• **Data below**
+ + + + + + +
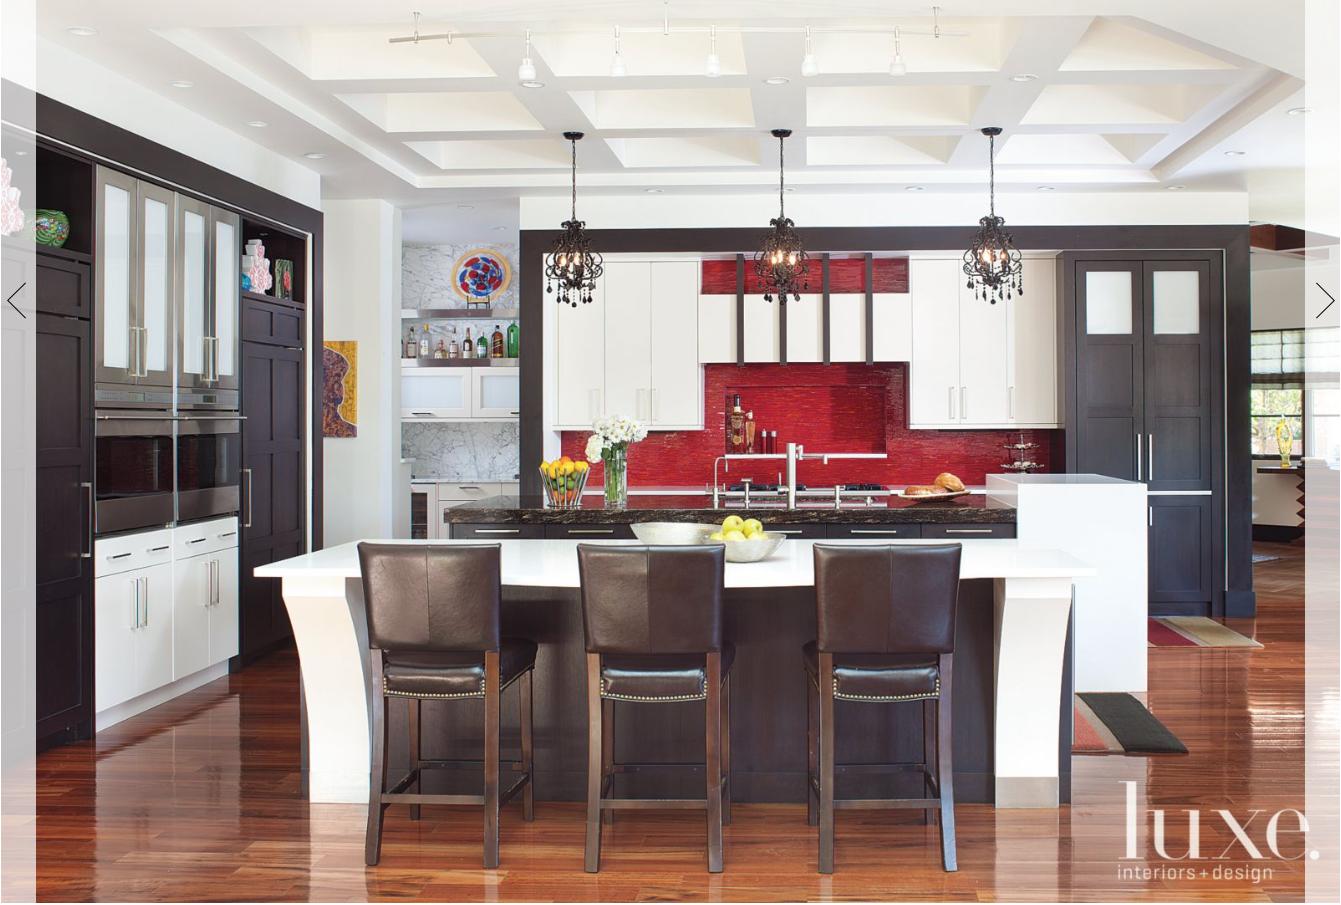 Luxe. Interiors + Design Magazine  2014 GOLD LIST
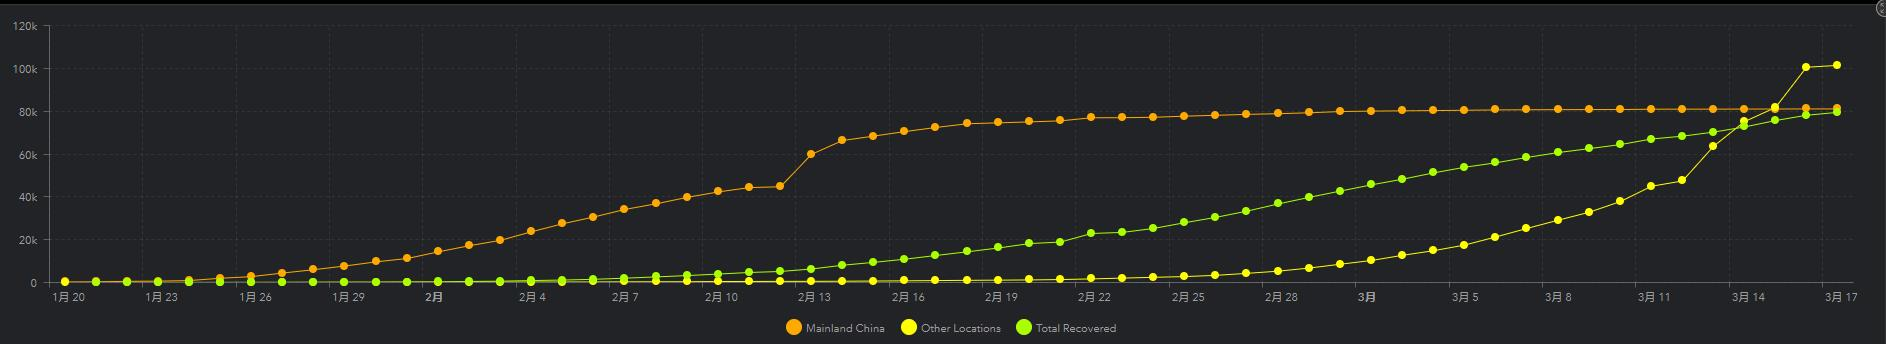 GitHub 标星10k+,新型冠状病毒(2019-nCoV)最全的数据集在这里!
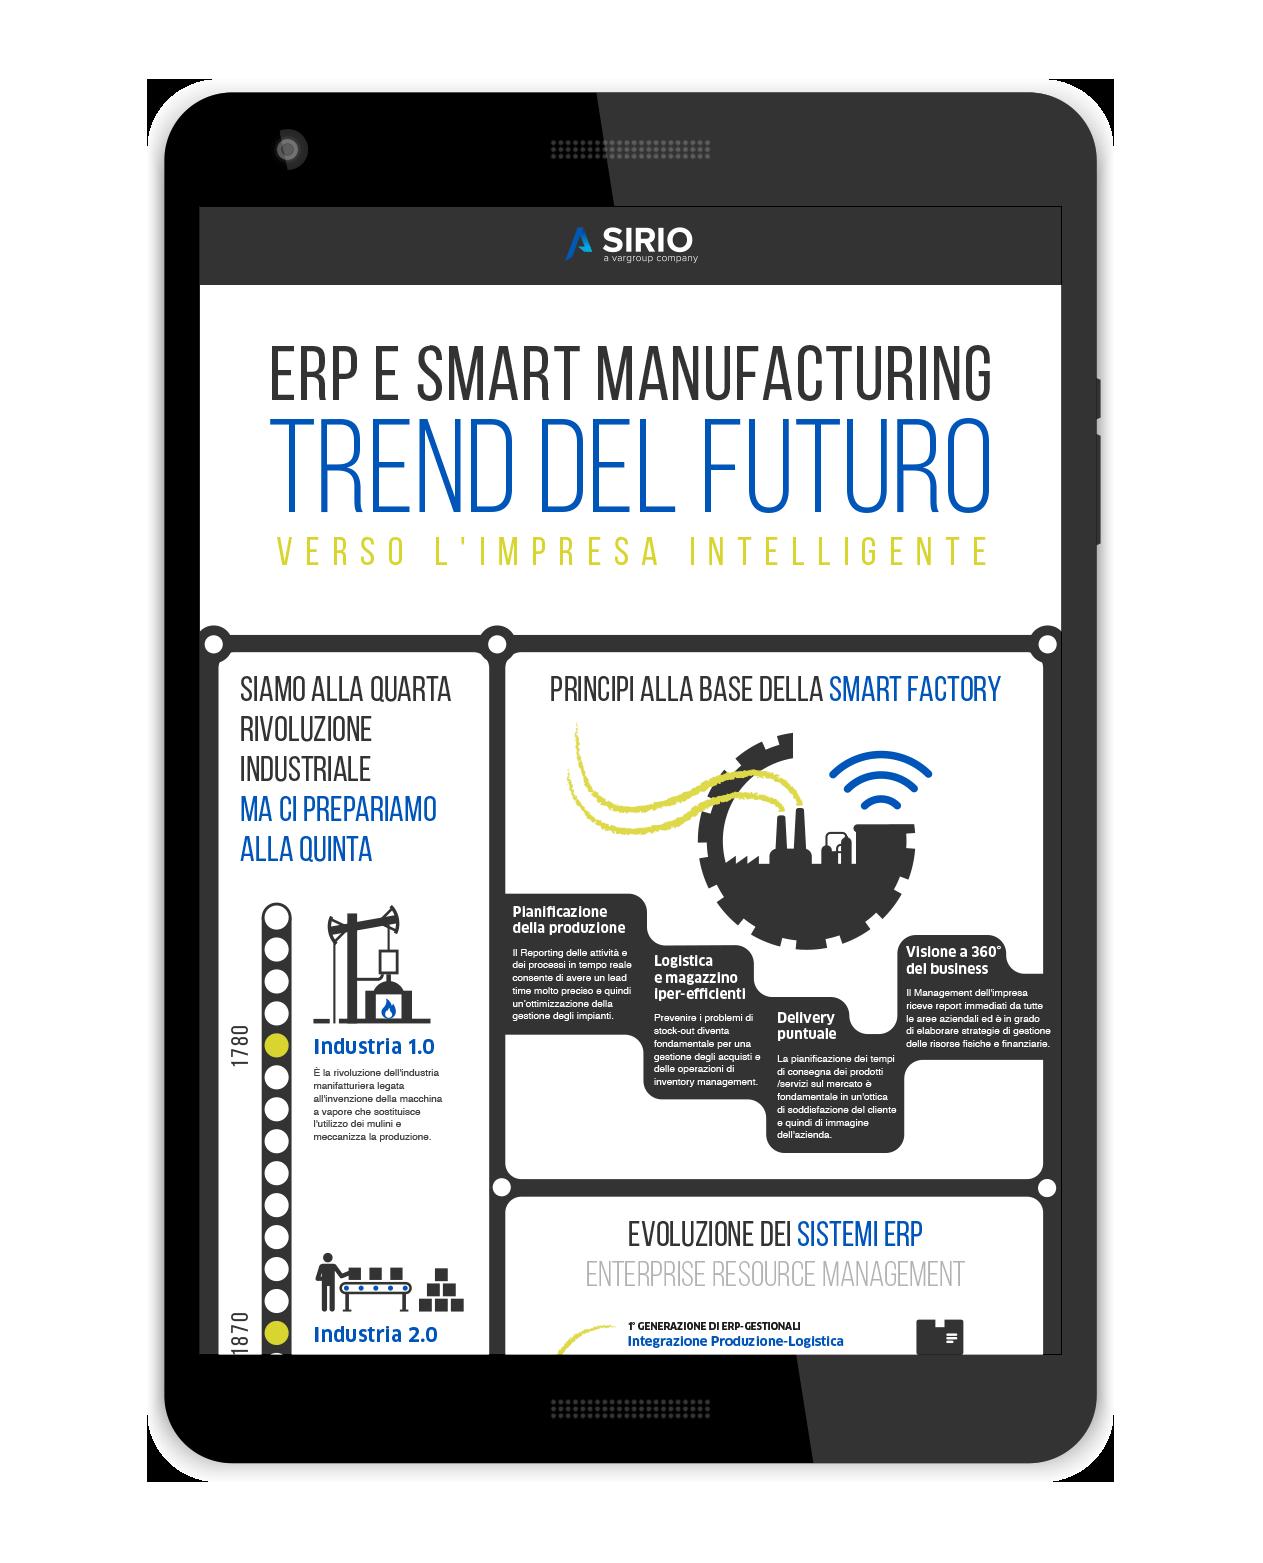 MockUp_Erp e smart manufacturing
+ + + + + + +
• **Work task**
The data is to be restated word for word, with any pictures set aside.

• **Written answer**
 Luxe. Interiors + Design Magazine  2014 GOLD LIST
 GitHub 标星10k+,新型冠状病毒(2019-nCoV)最全的数据集在这里!
 MockUp_Erp e smart manufacturing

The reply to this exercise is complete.